System Prompts – Anthropic

From a story on Tech Crunch it seems that Anthropic has made their system prompts public. See System Prompts – Anthropic. For example, the system prompt for Claude 3.5 Sonnet starts with,

<claude_info> The assistant is Claude, created by Anthropic. The current date is {}. Claude’s knowledge base was last updated on April 2024.

These system prompts are fascinating since they describe how Anthropic hopes Claude will behave. A set of commandments, if you will. Anthropic describes the purpose of the system prompts thus:

Claude’s web interface (Claude.ai) and mobile apps use a system prompt to provide up-to-date information, such as the current date, to Claude at the start of every conversation. We also use the system prompt to encourage certain behaviors, such as always providing code snippets in Markdown. We periodically update this prompt as we continue to improve Claude’s responses. These system prompt updates do not apply to the Anthropic API.

In Ukraine War, A.I. Begins Ushering In an Age of Killer Robots

Driven by the war with Russia, many Ukrainian companies are working on a major leap forward in the weaponization of consumer technology.

The New York Times has an important story on how, In Ukraine War, A.I. Begins Ushering In an Age of Killer Robots. In short, the existential threat of the overwhelming Russian attack is creating a situation where Ukraine is developing a home-grown autonomous weapons industry that repurposes consumer technologies. Not only are all sorts of countries testing AI powered weapons in Ukraine, the Ukrainians are weaponizing cheap technologies and, in the process, removing a lot of the guardrails.

The pressure to outthink the enemy, along with huge flows of investment, donations and government contracts, has turned Ukraine into a Silicon Valley for autonomous drones and other weaponry.

There isn’t necessarily any “human in the loop” in the cheap systems they are developing. One wonders how the development of this industry will affect other conflicts. Could we see a proliferation of terrorist drone attacks put together following plans circulating on the internet?

ChatGPT is Bullshit.

The Hallucination Lie

Ignacio de Gregorio has a nice Medium essay about why ChatGPT is bullshit. The essay is essentially a short and accessible version of an academic article by Hicks, M. T., et al. (2024), ChatGPT is bullshit. They make the case that people make decisions based on their understanding about what LLMs are doing and that “hallucination” is the wrong word because ChatGPT is not misperceiving the way a human would. Instead they need to understand that LLMs are designed with no regard for the truth and are therefore bullshitting.

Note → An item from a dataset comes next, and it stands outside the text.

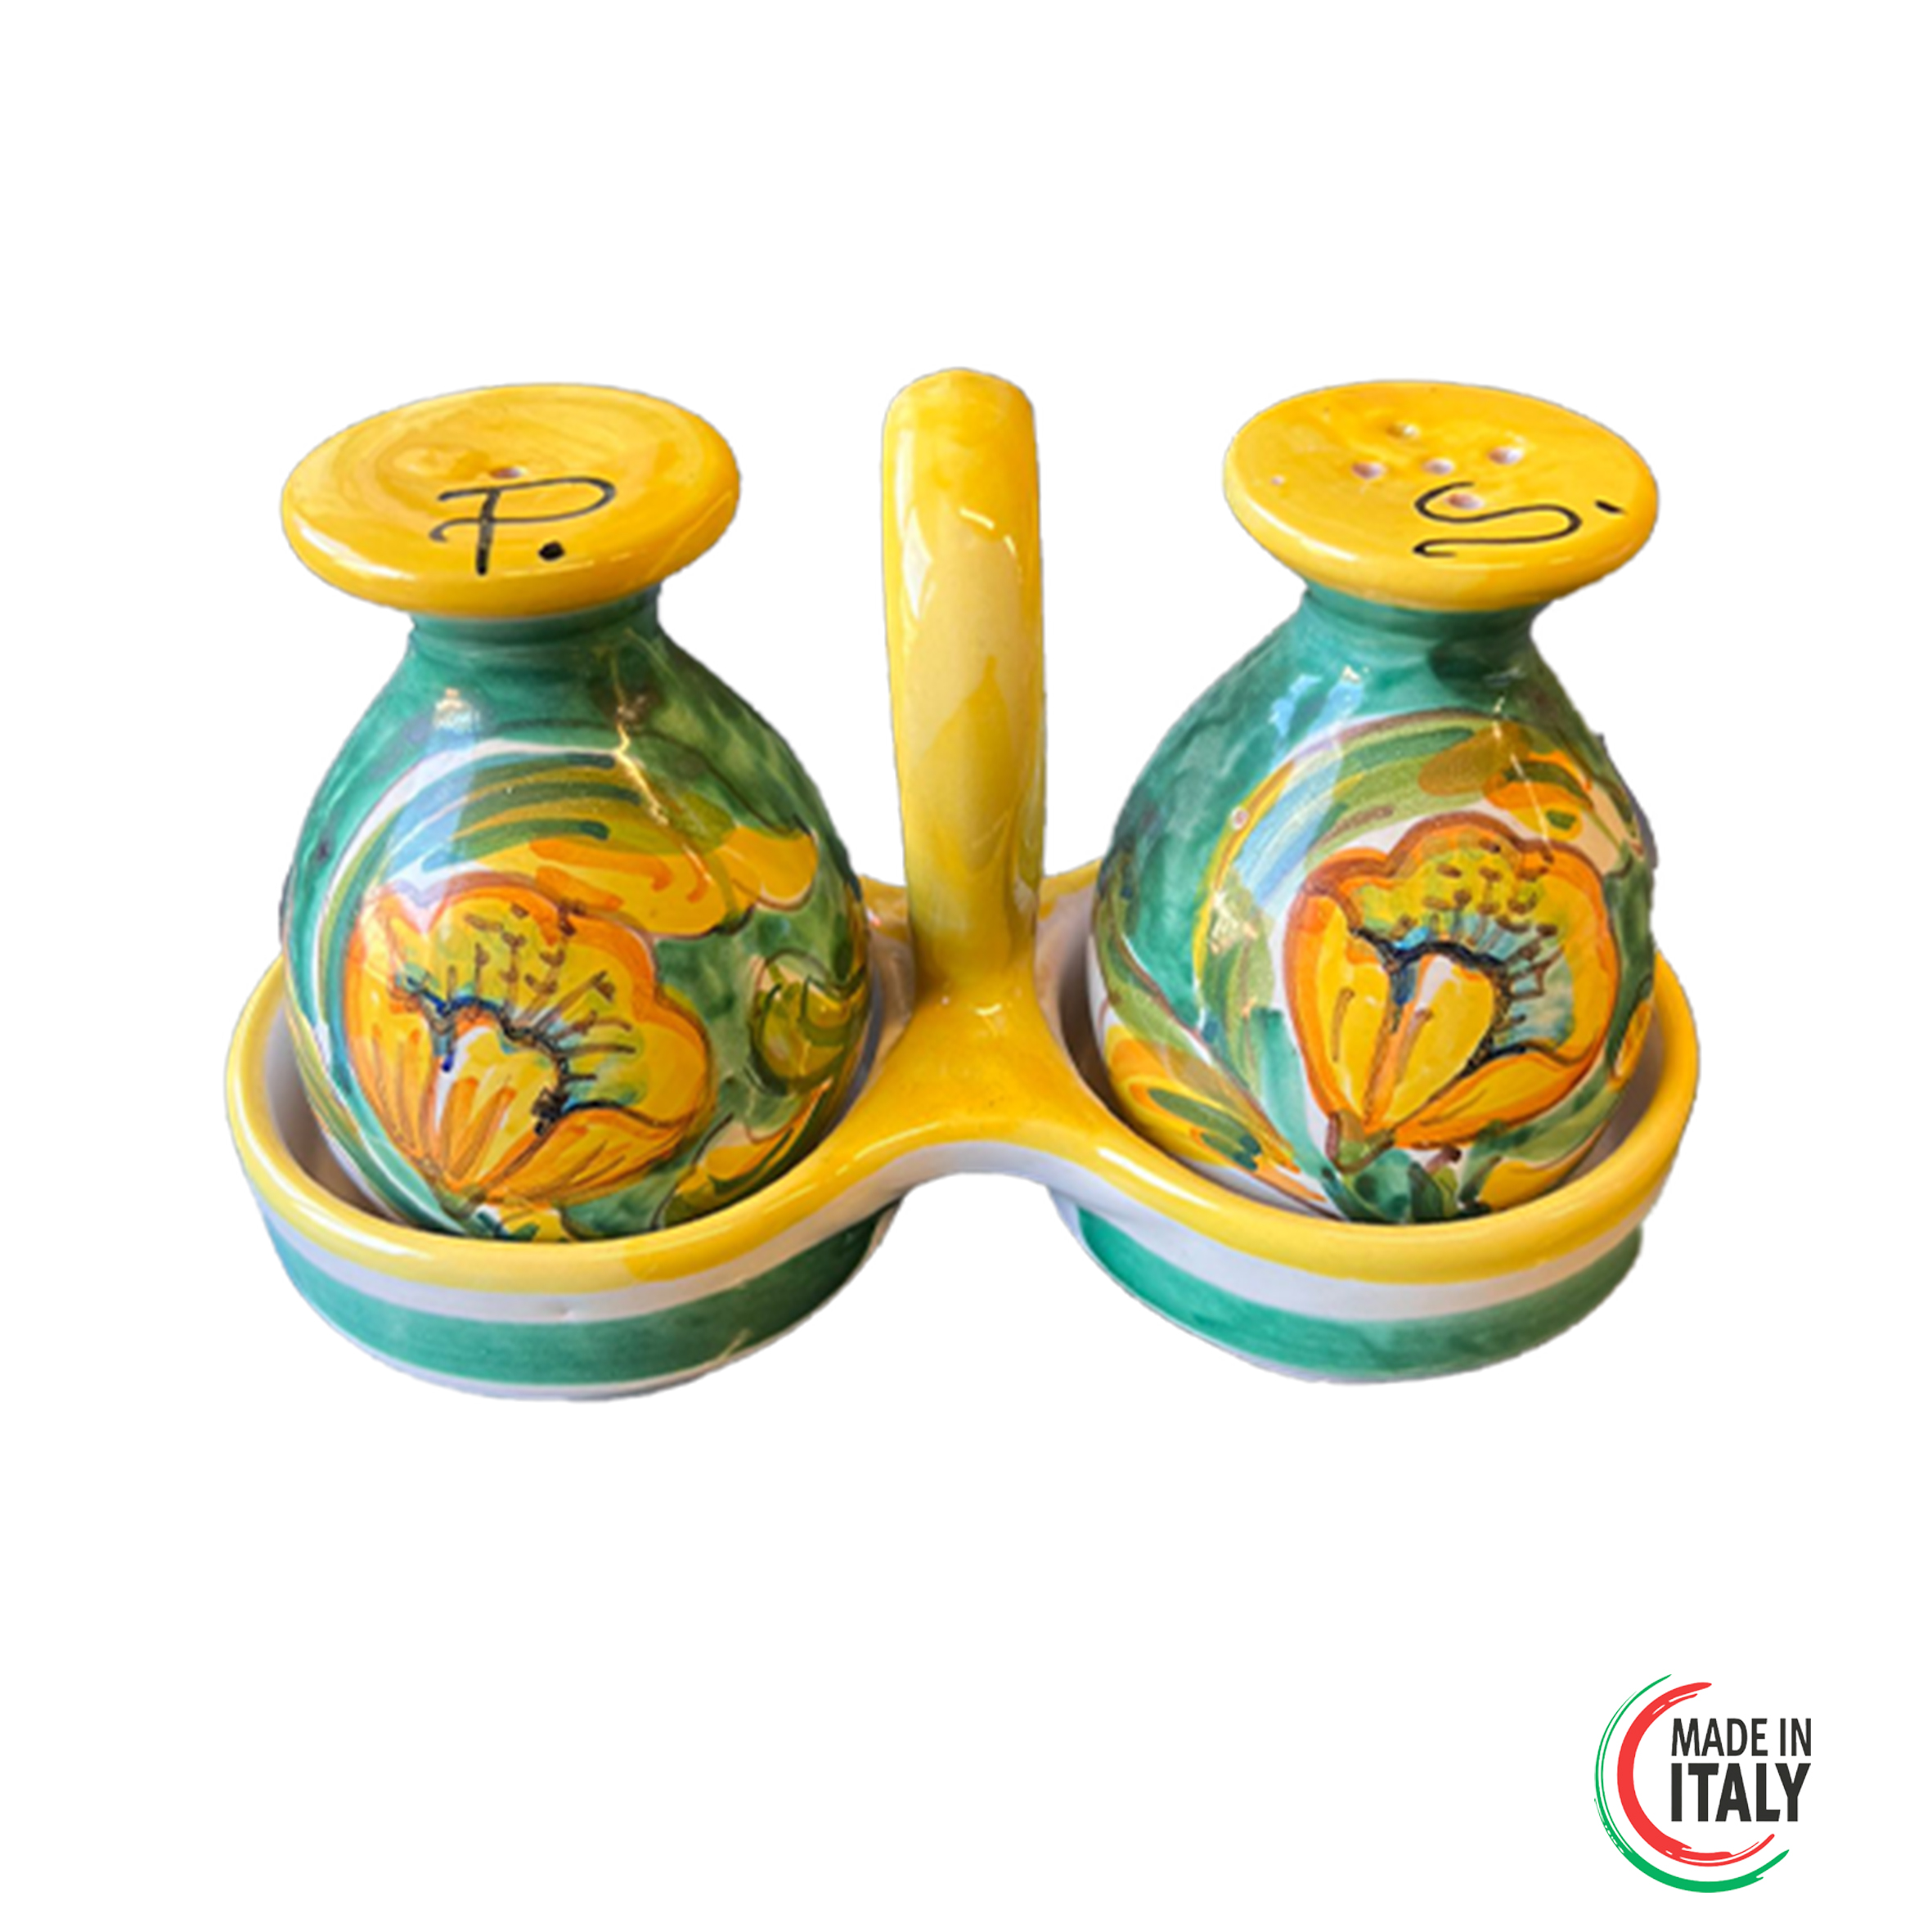 Ampolle porta Sale e Pepe in Ceramica - Galano Ceramiche

Because these programs cannot themselves be concerned with truth, and because they are designed to produce
text that looks truth-apt without any actual concern for truth,
it seems appropriate to call their outputs bullshit. (p. 1)

Given this process, it’s not surprising that LLMs have a
problem with the truth. Their goal is to provide a normal-
seeming response to a prompt, not to convey information
that is helpful to their interlocutor. (p. 2)

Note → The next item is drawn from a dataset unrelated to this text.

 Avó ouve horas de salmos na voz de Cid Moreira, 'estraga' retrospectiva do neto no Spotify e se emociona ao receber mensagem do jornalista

At the end the authors make the case that if we adopt Dennett’s intentional stance then we would do well to attribute to ChatGPT the intentions of a hard bullshitter as that would allow us to better diagnose what it was doing. There is also a discussion of the intentions of the developers. You could say that they made available a tool that bullshitted without care for the truth.

Are we, as a society, at risk of being led by these LLMs and their constant use, to confuse the simulacra “truthiness” for true knowledge?